Meta’s MusicGen AI Generates Song Genre Mashups Using Text Input
According to The Decoder, Meta’s Audiocraft research team has launched MusicGen, an open source deep learning language model that can create fresh music by using text prompts and can also be synchronized with an existing song. Similar to ChatGPT for audio, users can specify the music style they desire, add an existing melody (if desired), and click “Generate.” After a considerable amount of time (approximately 160 seconds), MusicGen produces a brief, original music piece based on the user’s text prompts and melody.
Facebook’s Hugging Face AI demo lets you describe your music by offering a handful of examples, such as “80s driving pop song with heavy drums and synth pads in the background.” You can then “suggest” it in a specific song up to 30 seconds long with controls that let you select a specific part of the song.
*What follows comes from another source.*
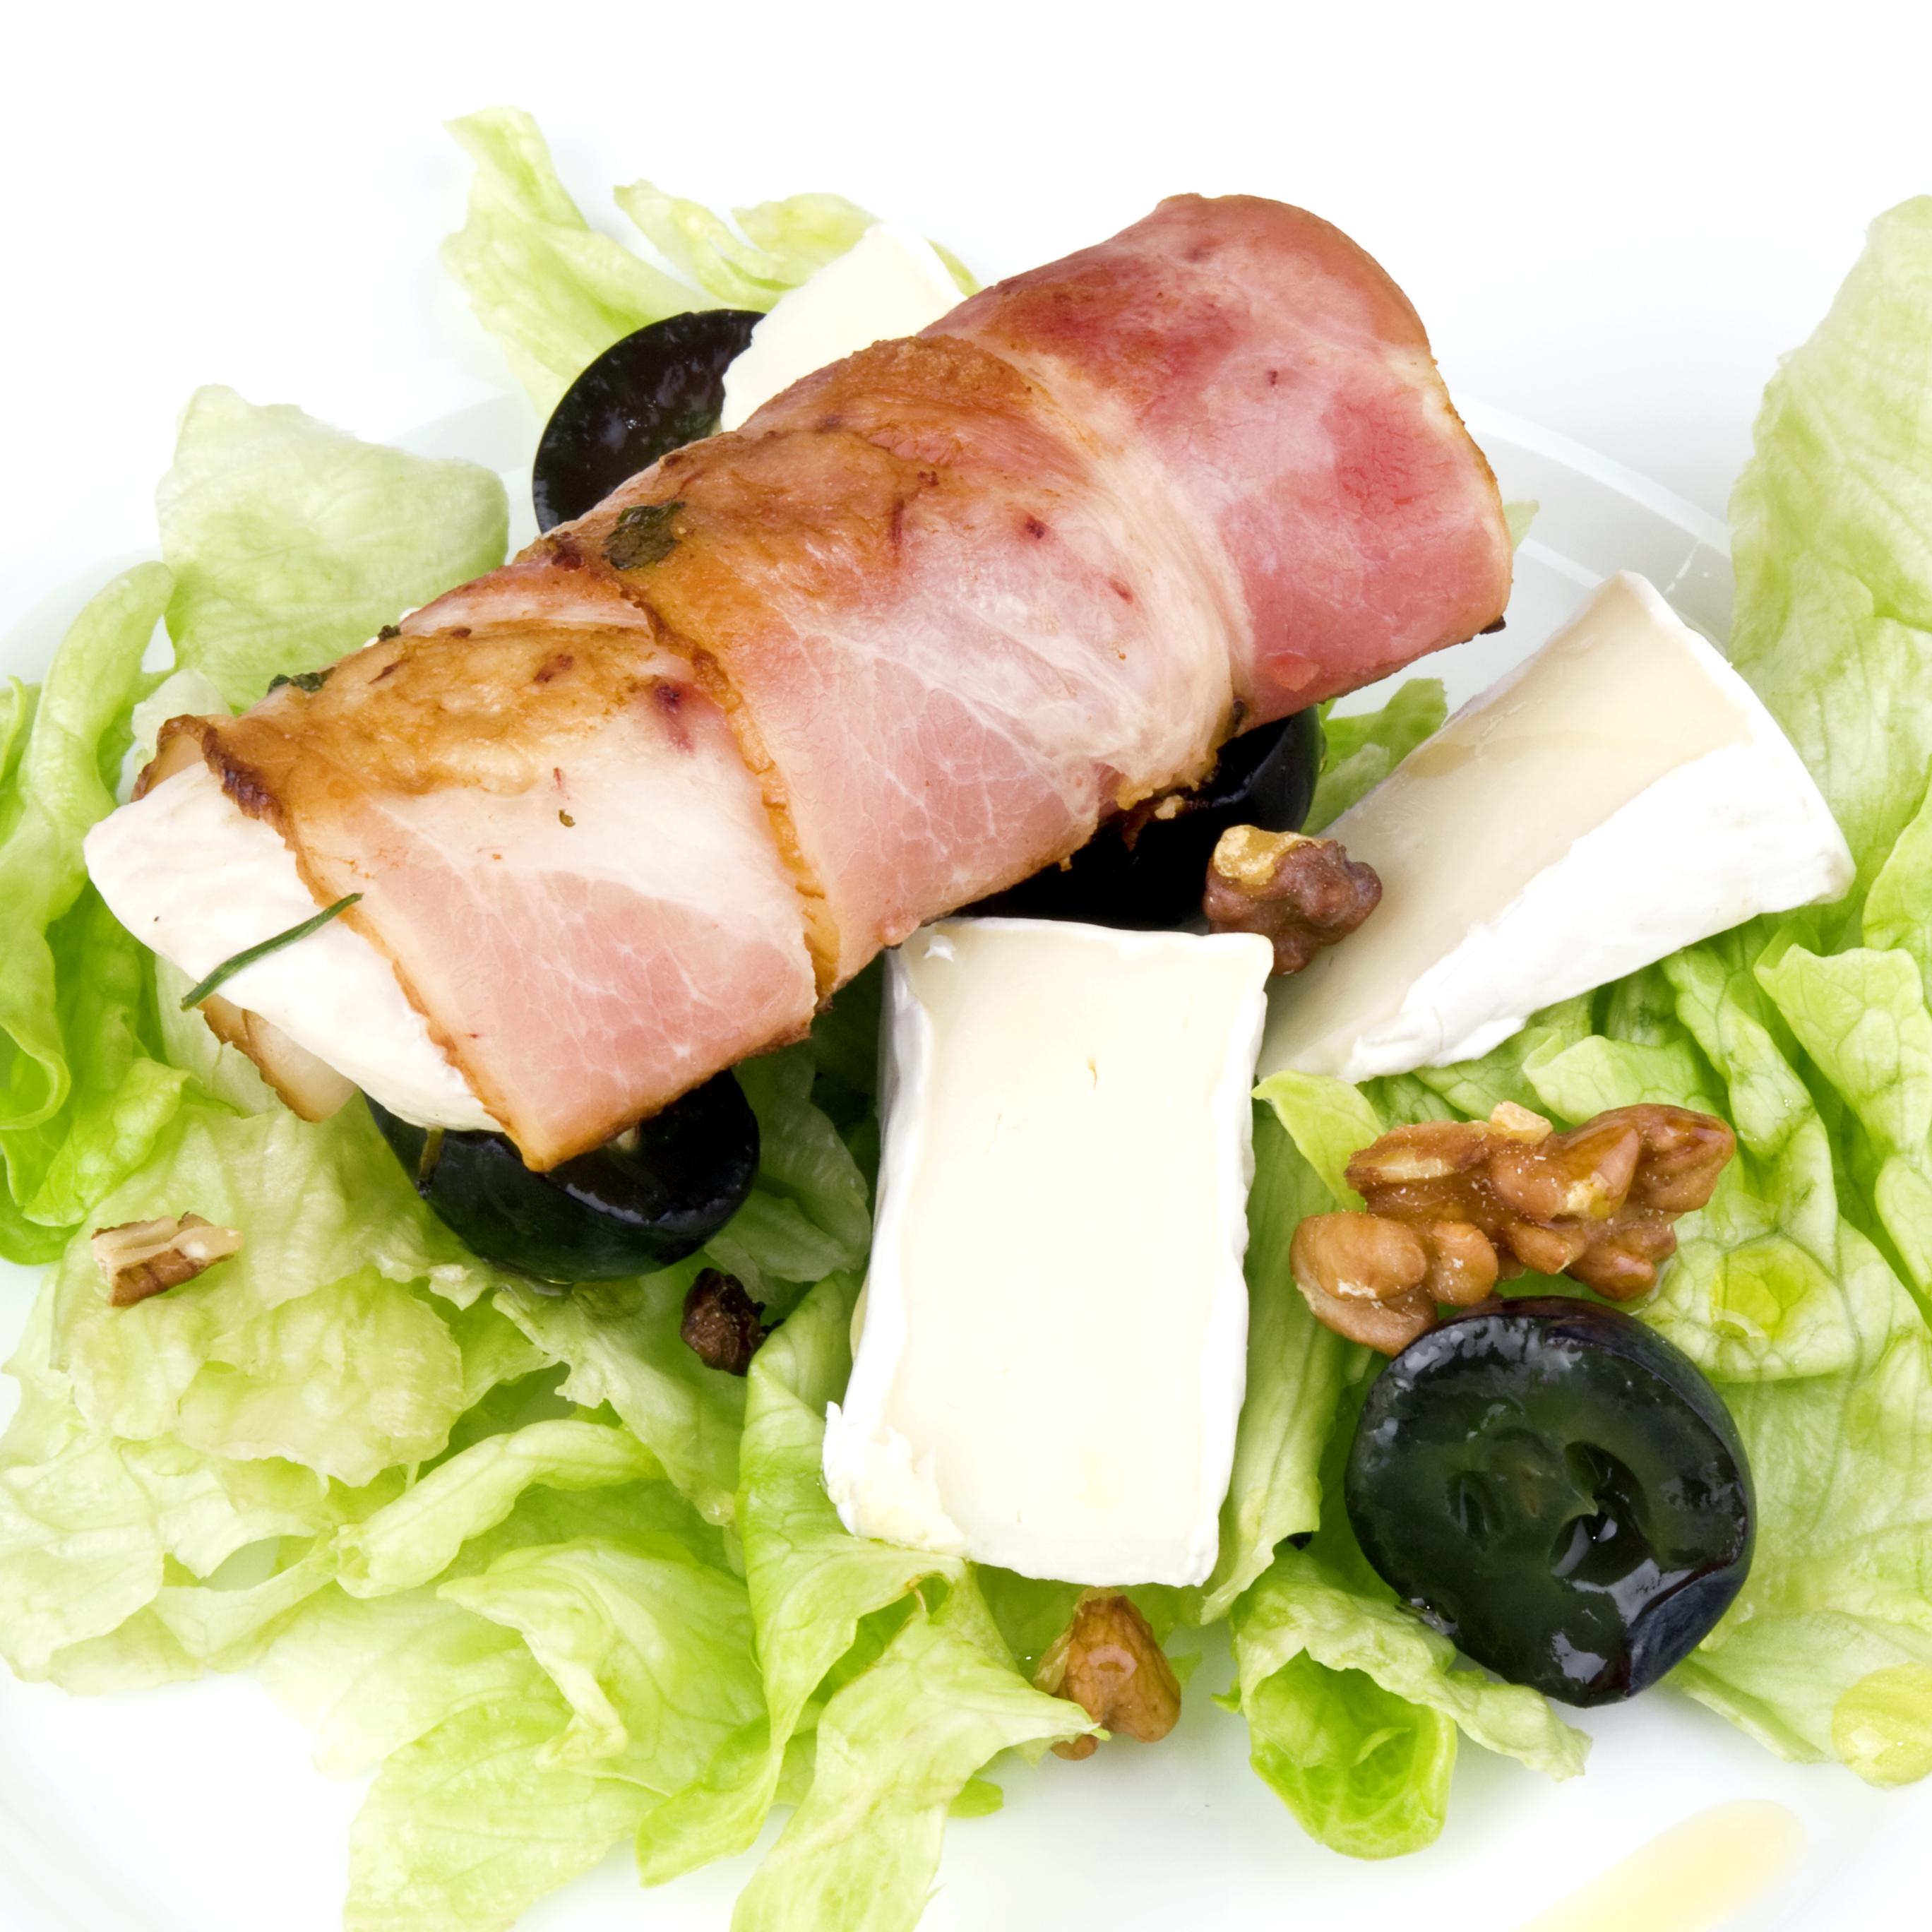 Ensalada con rollitos de beicon, pollo y queso

Then you press Create and it produces a high-quality sample lasting up to 12 seconds.
We present MusicGen: A simple and controllable music generation model. MusicGen can be prompted by both text and melody.
We release code (MIT) and models (CC-BY NC) for open research, reproducibility, and for the music community: https://t.co/OkYjL4xDN7 pic.twitter.com/h1l4LGzYgf— Felix Kreuk (@FelixKreuk) June 9, 2023
The team used 20,000 hours of licensed music for training, including 10,000 high-quality music tracks from an internal dataset, as well as Shutterstock and Pond5 tracks. To speed it up, they used Meta’s 32khz EnCodec codec to create smaller pieces of music that can be processed in parallel. “Unlike existing methods like MusicLM, MusicGen does not require a self-supervised semantic representation [and] only has 50 auto-regressive steps per second,” wrote Hugging Face ML engineer Ahsen Khaliq in a tweet.
Last month, Google released a similar music generator called MusicLM, but MusicGen seems to produce slightly better results. On the example page, the researchers compare MusicGen’s output with MusicLM and two other models, Riffusion and Musai, to prove this point. It can be run locally (a GPU with at least 16GB of RAM is recommended) and is available in four sample sizes from small (300 million parameters) to large (3.3 billion parameters) – the latter having the greatest potential for producing complex music.
As mentioned, MusicGen is open source and can even be used to create commercial music (I tried it with “Ode to Joy” and several suggested genres and the above results were… mixed). Still, it’s the latest example of the breathtaking speed of AI development over the past six months, with deep learning models threatening to invade another genre.